Distraction osteogenesis in patients with complete cleft lip and palate (완전 구순구개열을 가진 환자에서의 골신장술)

  • Yi, J.K.;Park, C.H.;Na, J.I.;Jeong, J.S.;Koo, H.M.;Eom, M.Y.;Song, M.S.
    • Korean Journal of Cleft Lip And Palate
    • /
    • v.8 no.2
    • /
    • pp.63-70
    • /
    • 2005
  • Patients with cleft lip and palate usually show up maxillary hypoplasia. In these cases, a large amount of maxillary advancement is often needed to correct the severe deformity, but local soft-tissue scars around the maxilla restrict maxillary advancement and increase the relapse rate. Maxillary distraction osteogenesis is an effective method for facial and occlusal improvement in these patients.
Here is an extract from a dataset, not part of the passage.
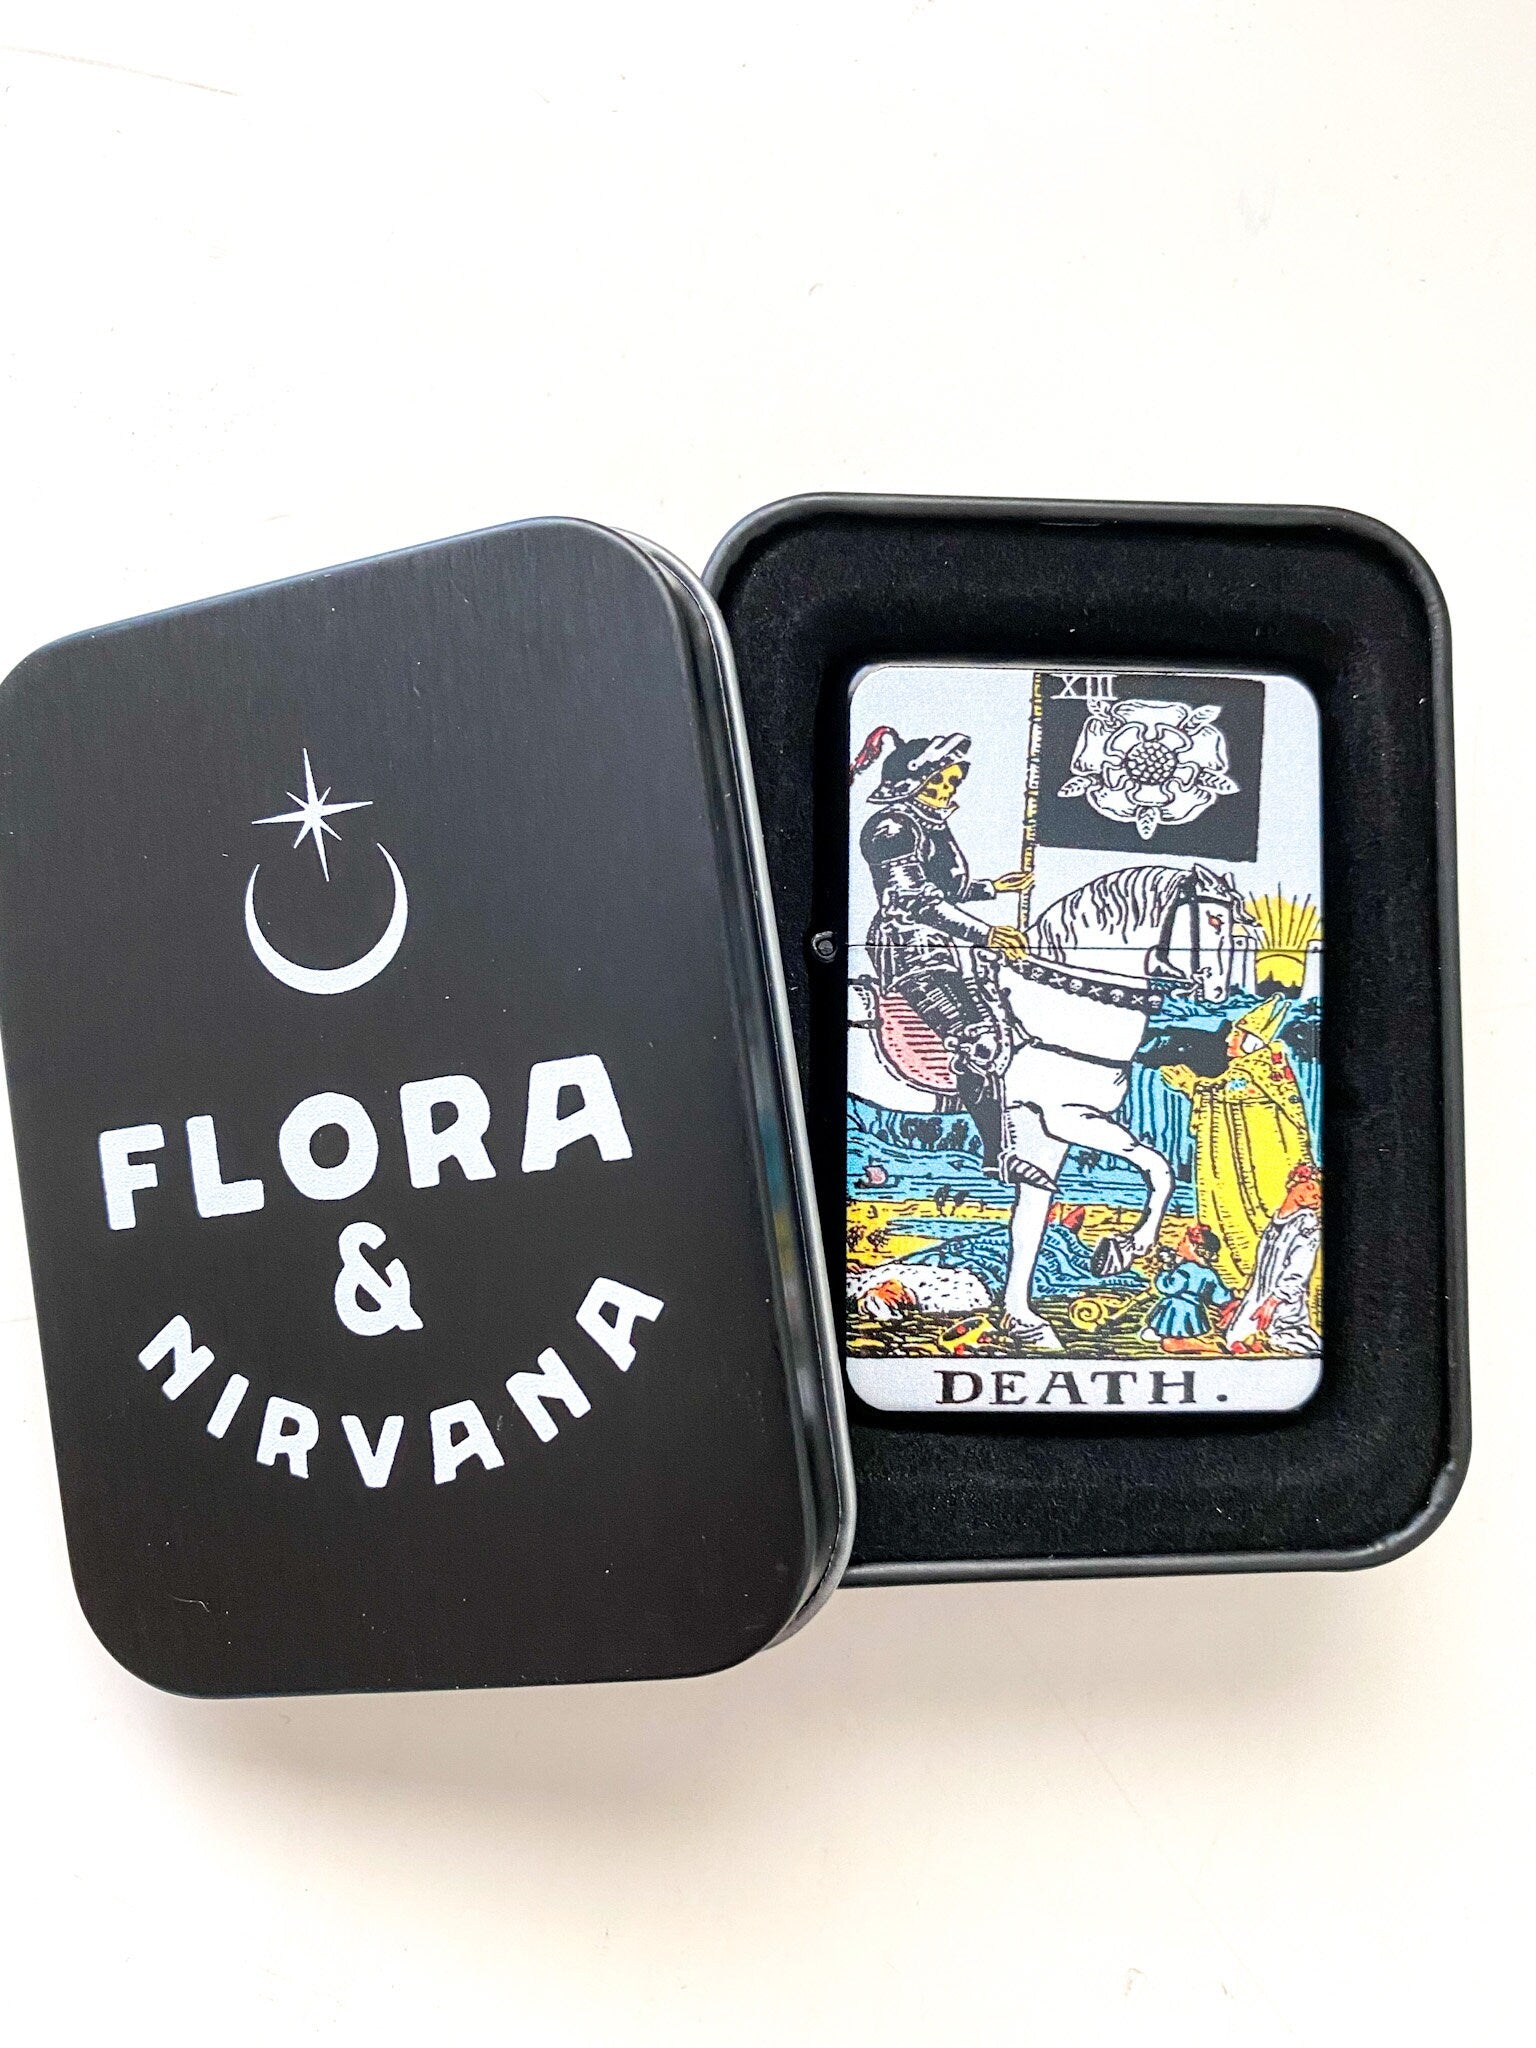 Death Tarot Card Windproof Flip Top Lighter - Flora and Nirvana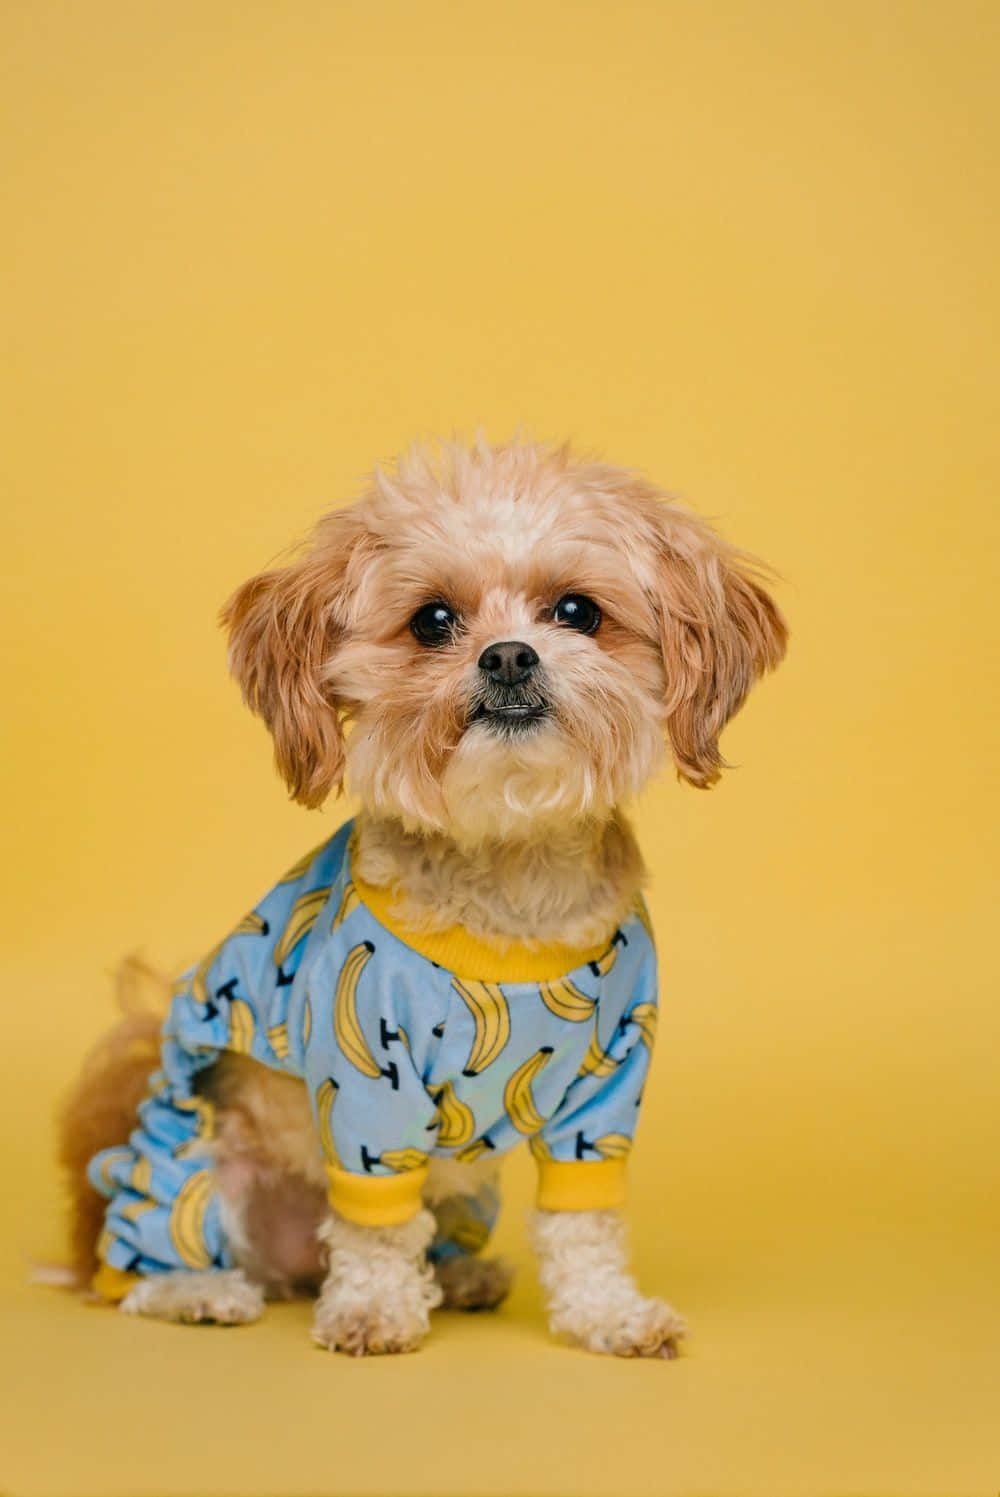 A Small Dog Wearing A Blue And Yellow Pajama Set

By gradually lengthening both the bones and the soft tissues, distracted midface can greatly increase postoperative stability and decrease the relapse rate. However, the maxillary extraoral appliances of the early days used were esthetically unappealing as well as difficult for the patient to manage. Recently, more inconspicuous intraoral distraction appliances have been developed and used with success. We acquired favorable result in two patients(bilateral 1 patient and unilateral 1 patient) with severe maxillary hypoplasia secondary to complete cleft lip and palate were treated with midface distraction using internal distractor (Zurich Pediatric Maxillary Distractor, KLS Martin, Tuttlingen, Germany). So, we report our experience with literatures.